Organize policy files and test files in the same directory; name test rules with the `test_` prefix inside a package named `<policy_package>_test` (e.g., `package authz_test`).
Write test rules that assert expected `allow` or `deny` values by calling the policy rules with mock input objects: `test_deny_missing_label { deny[_] with input as {...} }`.
Run `opa test ./policies/ -v` to execute all test rules; `-v` prints each test name and pass/fail status.
Add `--coverage` to produce a line-level coverage report: `opa test ./policies/ --coverage | jq '.coverage'` shows the percentage and uncovered lines.

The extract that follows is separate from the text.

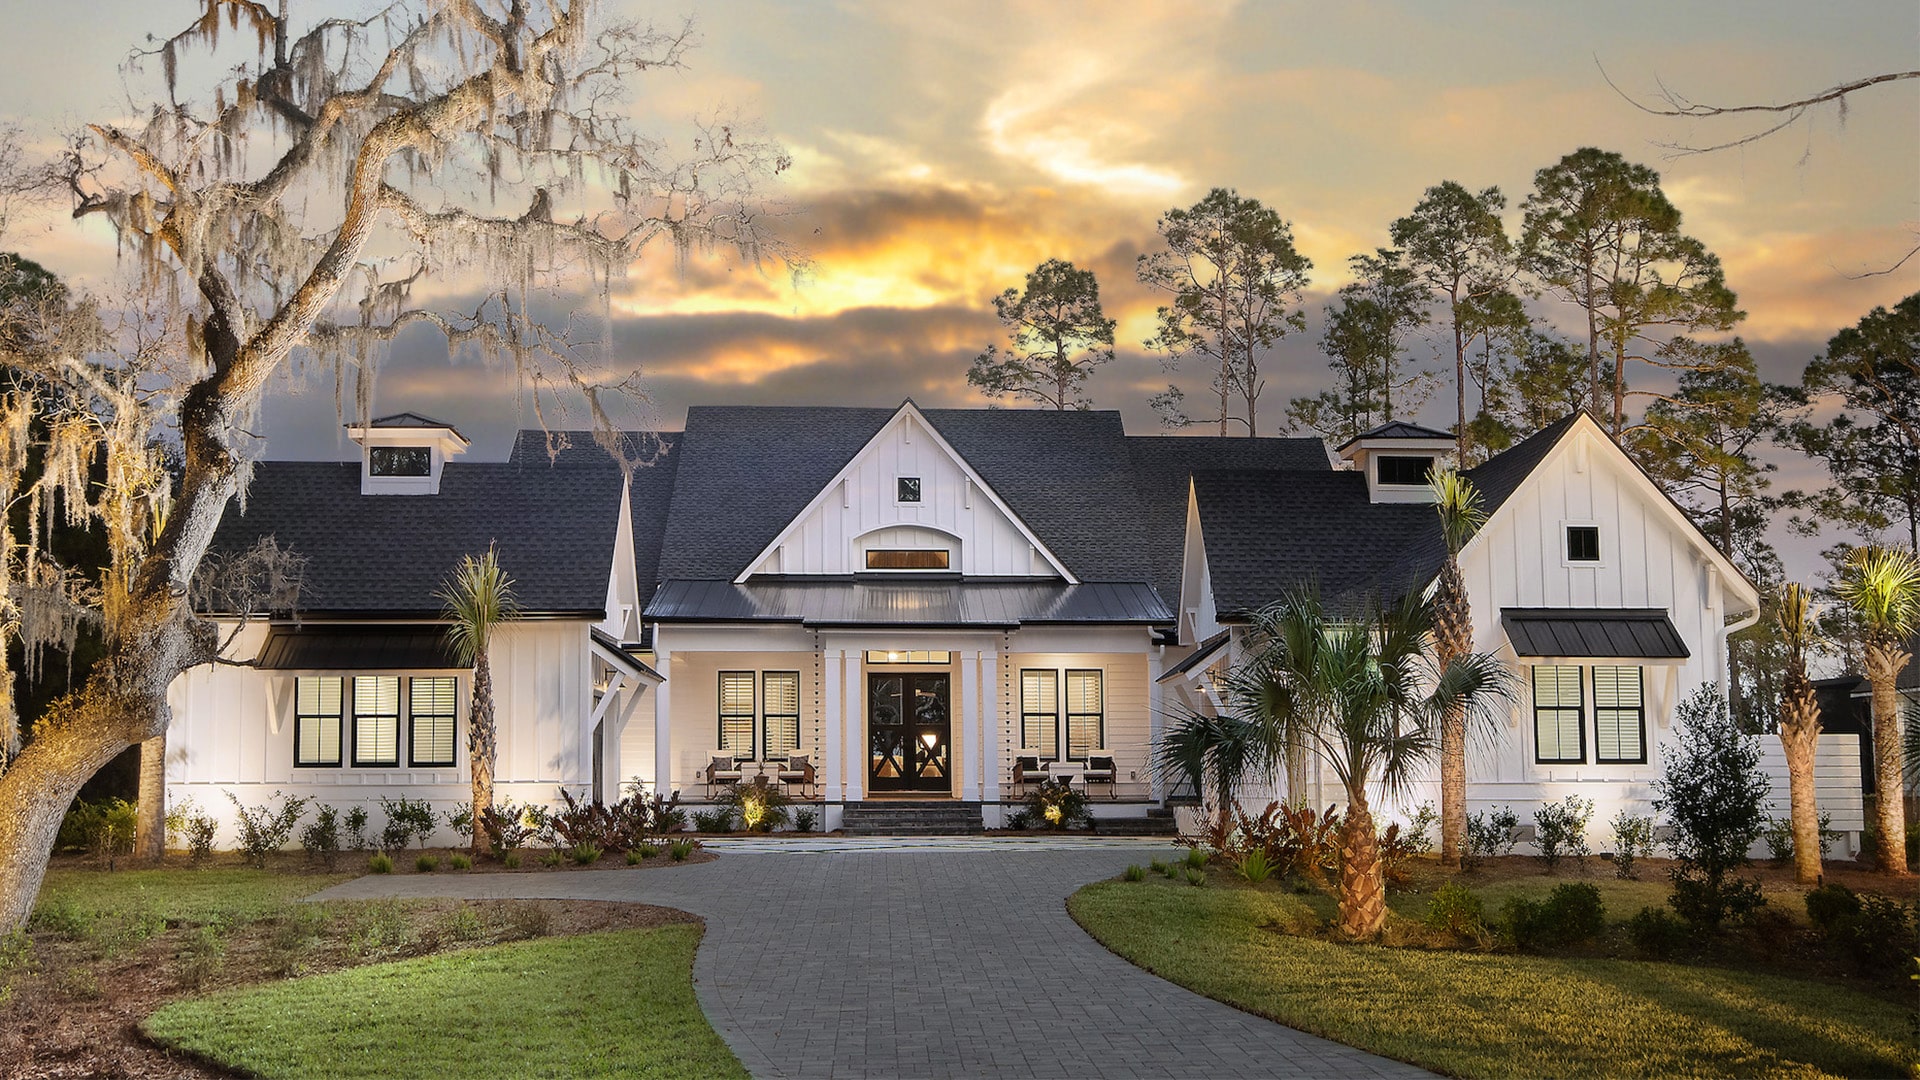 Riverrun Model Custom Home - Work with AR Homes® Custom Home Builders to design your dream home.
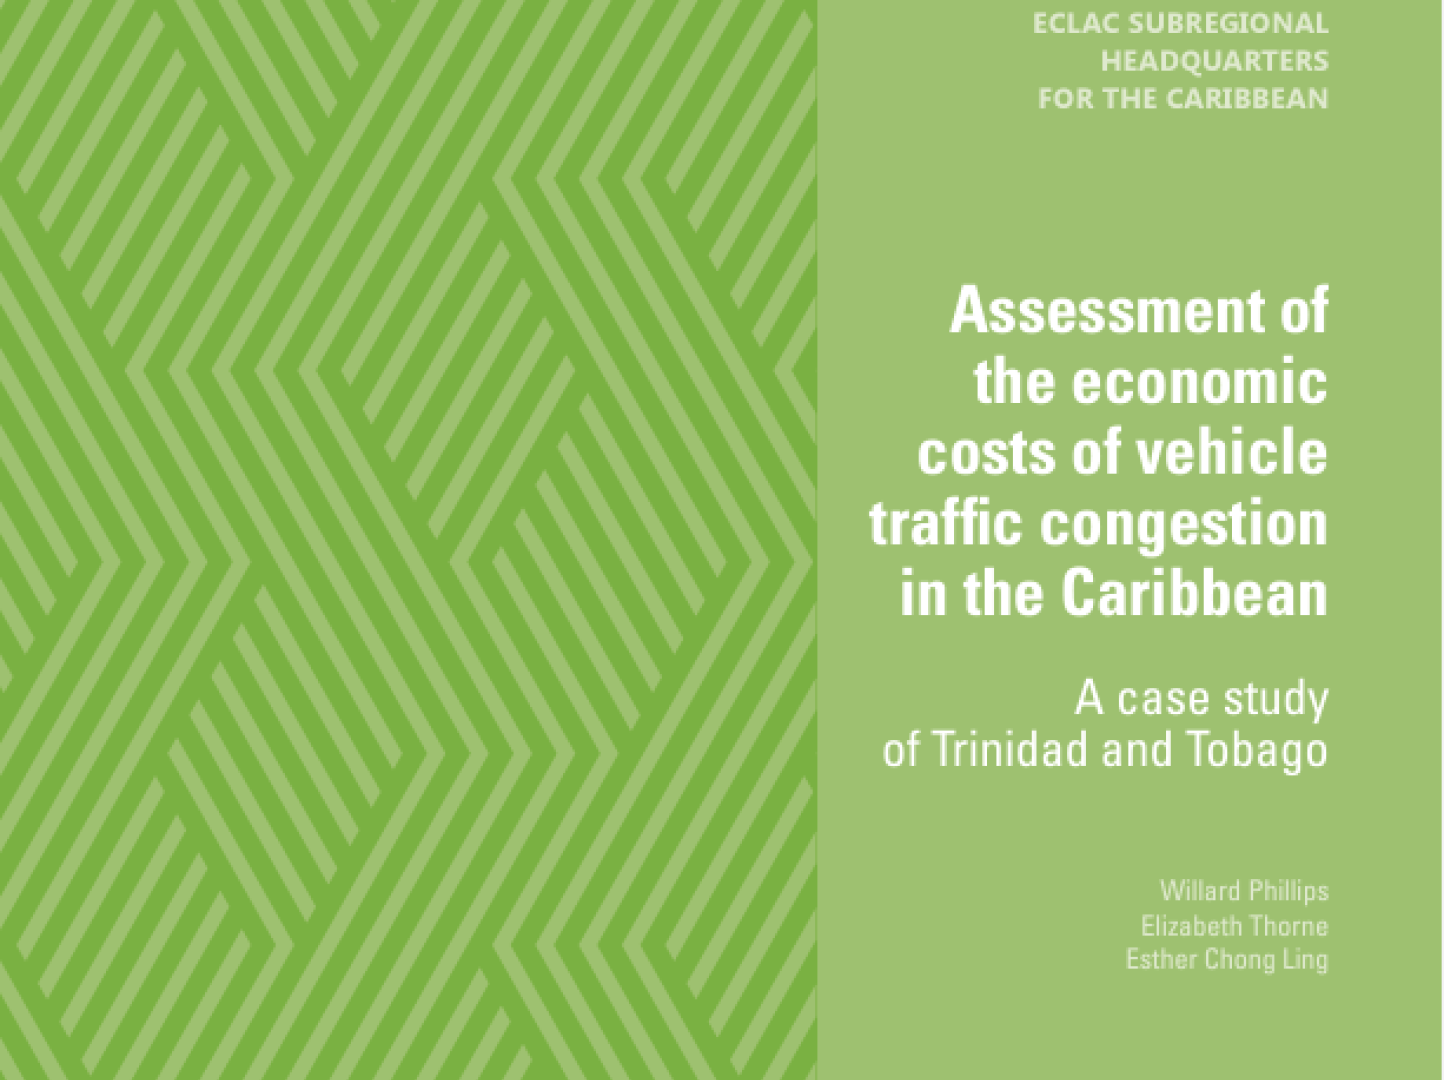 Assessment of the economic costs of vehicle traffic congestion in the Caribbean: a case study of Trinidad and Tobago

Integrate into CI by checking the exit code: `opa test` exits 0 on all pass, 1 on test failure, 2 on error; fail the pipeline on non-zero.
Use `opa test . --threshold 80` to enforce a minimum coverage percentage and fail the CI step if coverage falls below the threshold.
Known gotchas
Test files must end in `_test.rego` or the test rules must start with `test_`; OPA does not run rules that start with `test_` in non-test evaluation, but does in `opa test`.
`opa test` coverage counts lines in all provided `.rego` files, including helper utilities; exclude vendor or third-party policy files from the path to avoid inflating uncovered line counts.
The `--coverage` flag emits JSON to stdout; piping to `jq` or storing to a file is required to parse coverage metrics in CI.